### PROBLEM TO SOLVE
Print, exactly as they appear in the listing below, the lines from the line with "Zdj. nr. 4." to the line with "T-shirt Hajduk Split", with both end lines kept.

++++ PROVIDED INFORMATION

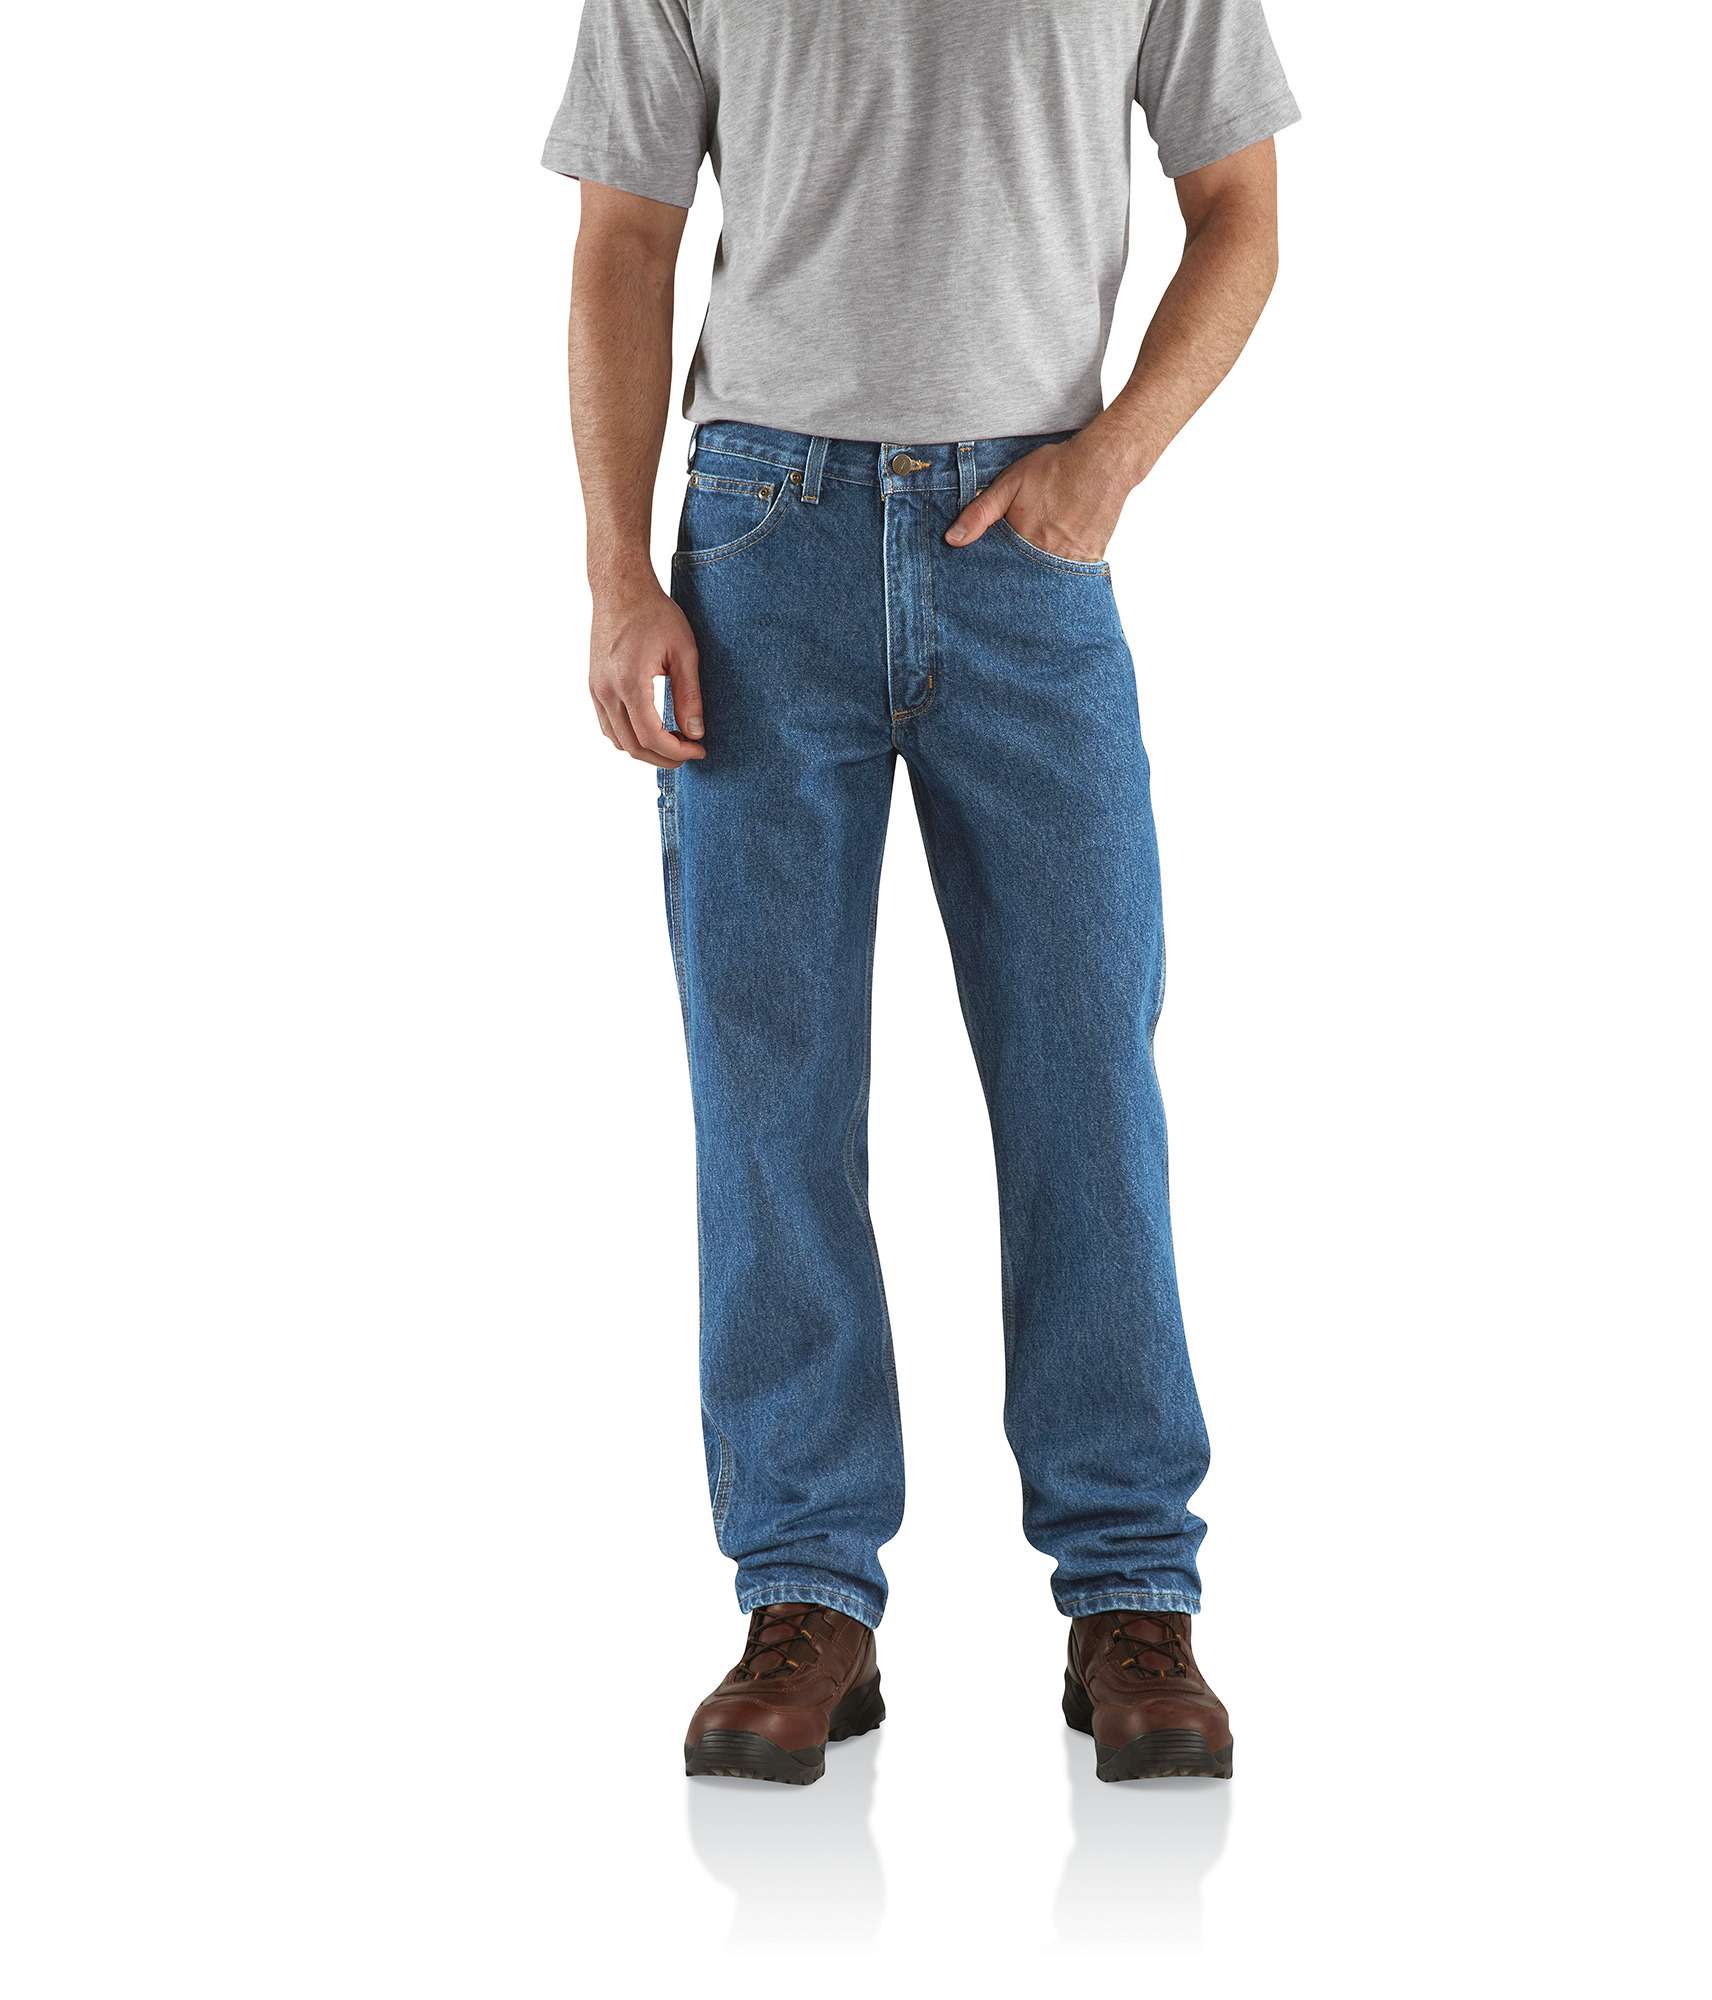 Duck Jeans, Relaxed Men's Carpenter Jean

++++++++
++++ PROVIDED INFORMATION

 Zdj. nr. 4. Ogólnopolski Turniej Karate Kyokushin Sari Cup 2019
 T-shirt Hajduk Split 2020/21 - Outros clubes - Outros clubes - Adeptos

++++++++

### PROBLEM SOLUTION
 Zdj. nr. 4. Ogólnopolski Turniej Karate Kyokushin Sari Cup 2019
 T-shirt Hajduk Split 2020/21 - Outros clubes - Outros clubes - Adeptos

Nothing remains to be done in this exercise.